Clarifying oa_fetch() implementation: searching for phrases v single words; stability; and concise code. #251

DebsKing · 2024-05-20T08:06:56Z

Hello.

Thank you for the brilliant package. I have three questions:

In the example search string below, I search for "Biomed" OR "Biomed engineering" (as a mock example). Having run quality checks on the results, I am not convinced that it is treating 'biomed engineering' as a phrase, rather than individual words. Is my my coding incorrect?
When I repeat a given search string on the same day, it returns an identical number of publications. But when I repeat the search on consecutive days, it returns a few more publications each time. One might expect a small number of historical publications to be added to the Open Alex database, but some of my searches that go from 2019-2023 are returning 6% more publications when I run the code this month, compared to last month. I would like to clarify if this is due to on-going changes to the database, or the function oa_fetch(), or my code implementation.
I did see some discussion on stability between the Open Alex database and R package Suggestion for discussion about conversion from result to data.frame / tibble #247.
I want to search for words and phrases in the title OR abstract. I currently run this in two code chunks. Can I combine these for efficient code?

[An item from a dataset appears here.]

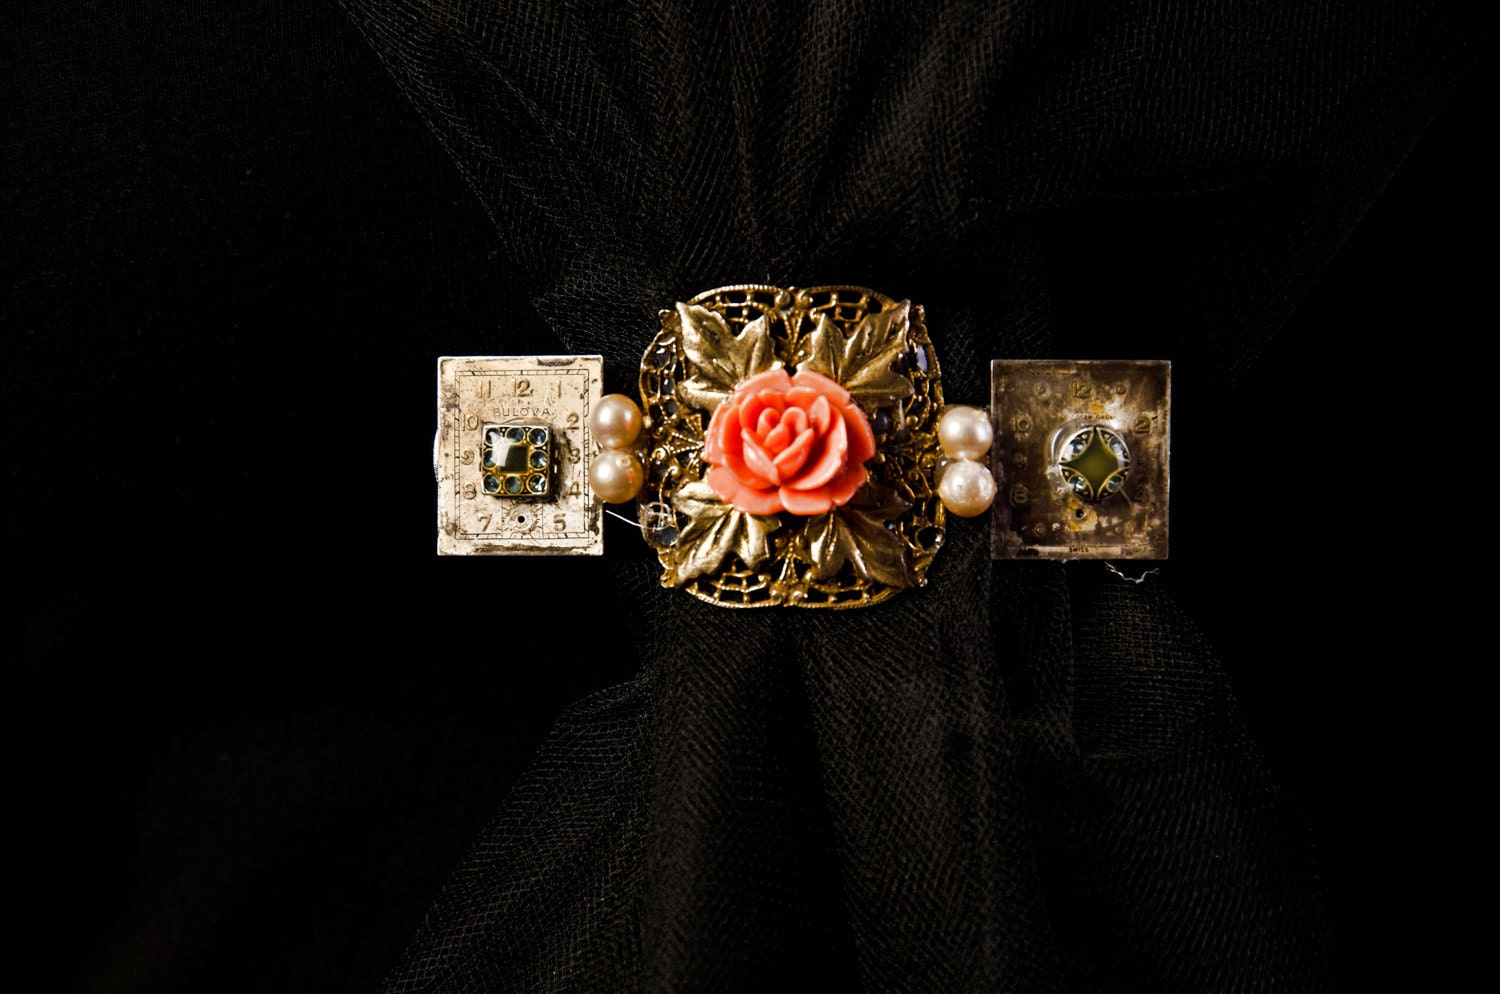 upcycled barrette with gold-toned flower centerpiece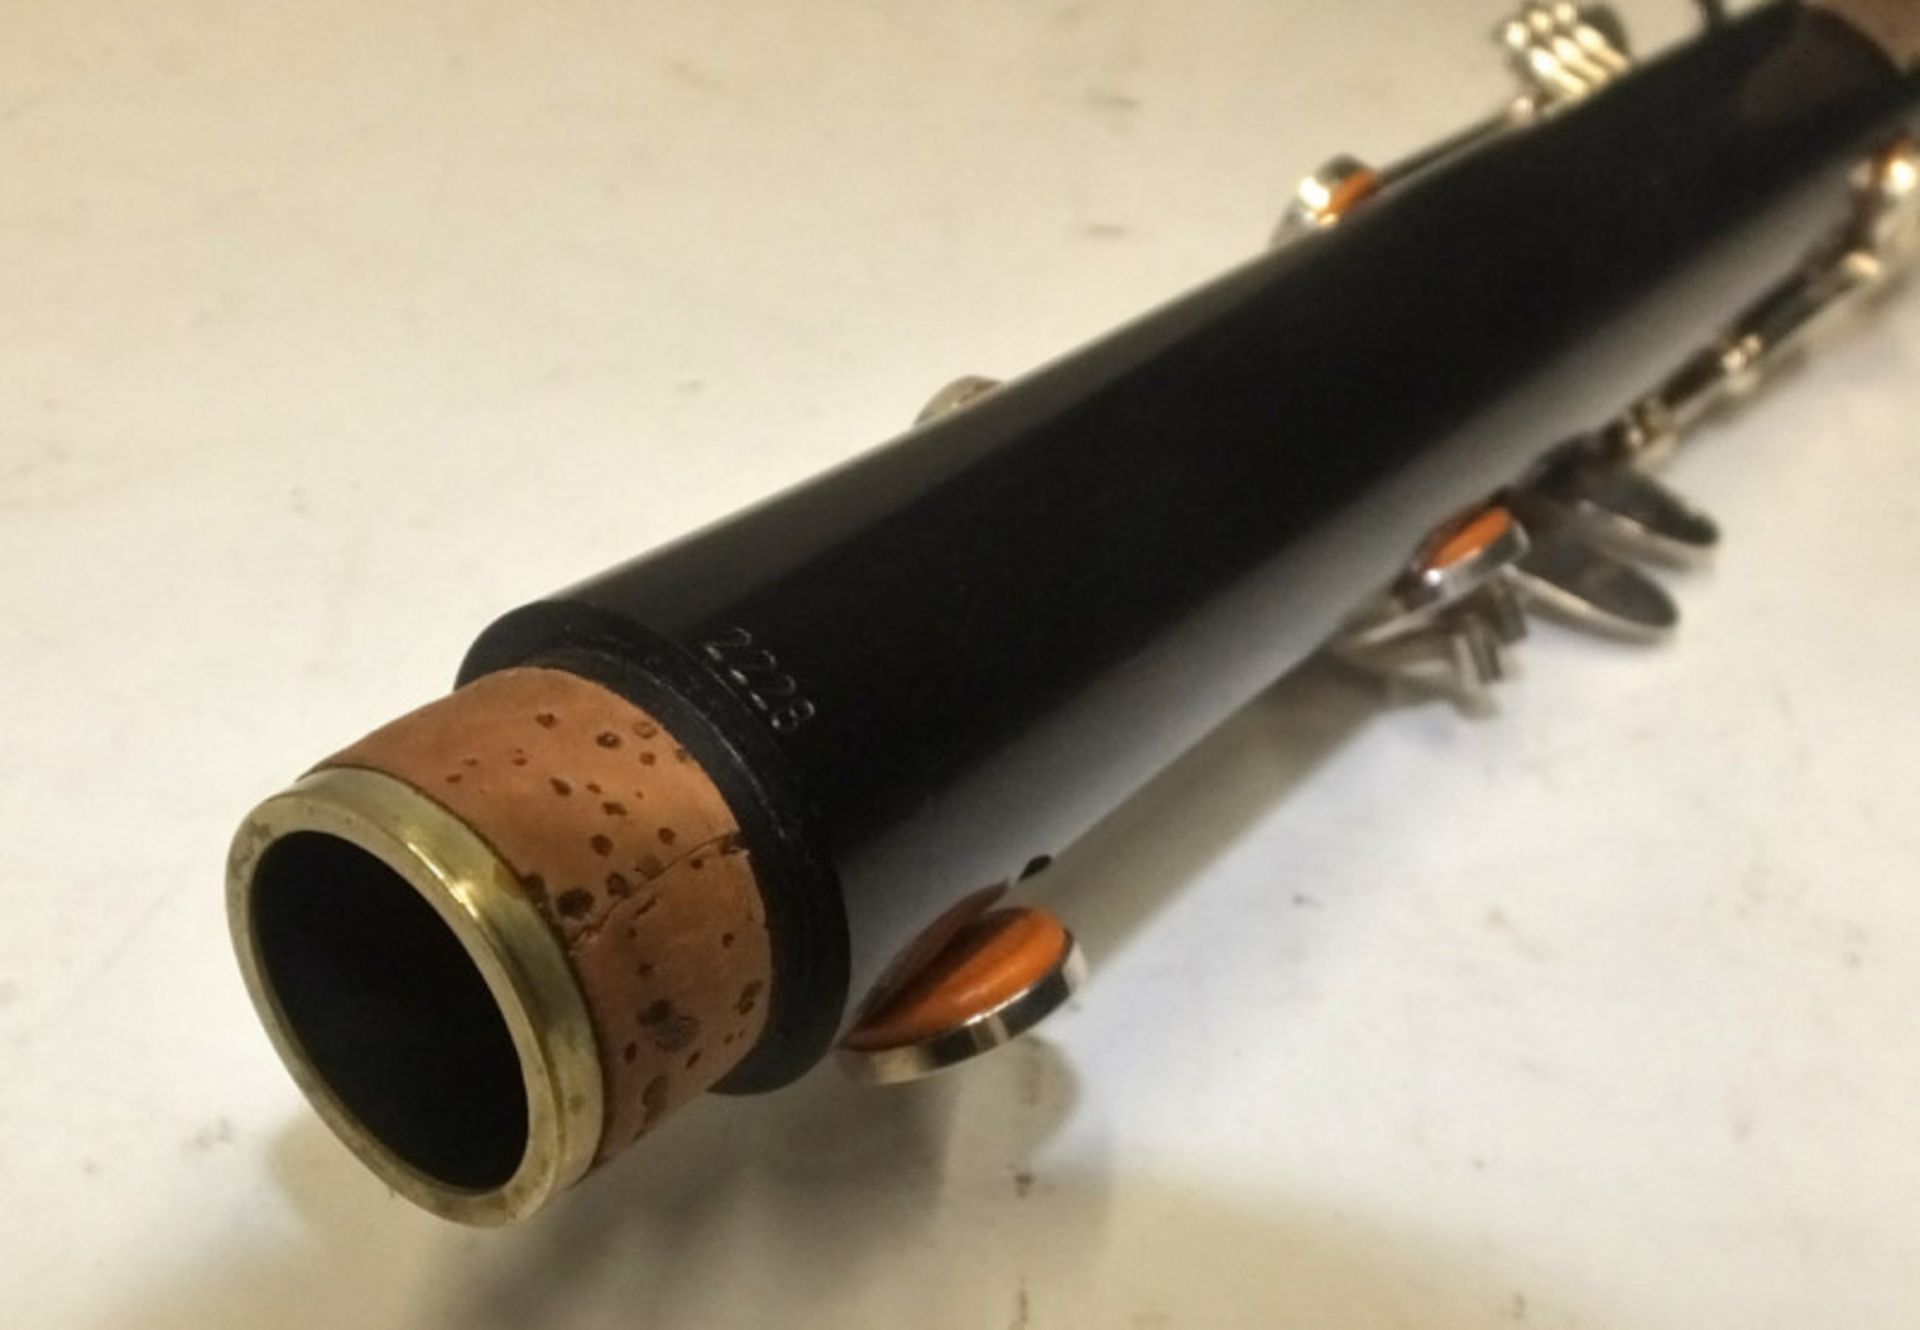 Howarth S2 Clarinet in case - Serial Number - 2228. - Image 9 of 17

Thank you for again for the package, and for any help or guidance. It is really appreciated!
Deborah

My r code:

remotes::install_github("ropensci/openalexR") # following recent issue with package, I now install via Github.
packageVersion("openalexR") # 1.3.1
library(openalexR)

1. Search based on title

works_title <- oa_fetch(
entity = "works",
title.search = c("Biomed", "Biomed engineering"), # mock example
from_publication_date = "2019-01-01", to_publication_date = "2022-12-31", # mock example
cited_by_count = ">1",
options = list(sort = "cited_by_count:desc"), verbose = TRUE )

2. Search based on abstract

works_abstract <- oa_fetch(
entity = "works",
abstract.search = c("Biomed", "Biomed engineering"),
from_publication_date = "2019-01-01",to_publication_date = "2022-12-31",
cited_by_count = ">1",
options = list(sort = "cited_by_count:desc"),verbose = TRUE )

3. Quality checks:

count(works_abstract[duplicated(works_abstract$id), ]) # Are there duplicates within a dataframe # no
count(works_title[duplicated(works_title$id), ]) # Are there duplicates within a dataframe # no

common_publications <- intersect(works_title$id, works_abstract$id) # Are there duplicates across the 'title' and 'abstract' dataframes
length(common_publications) # yes, as one would expect.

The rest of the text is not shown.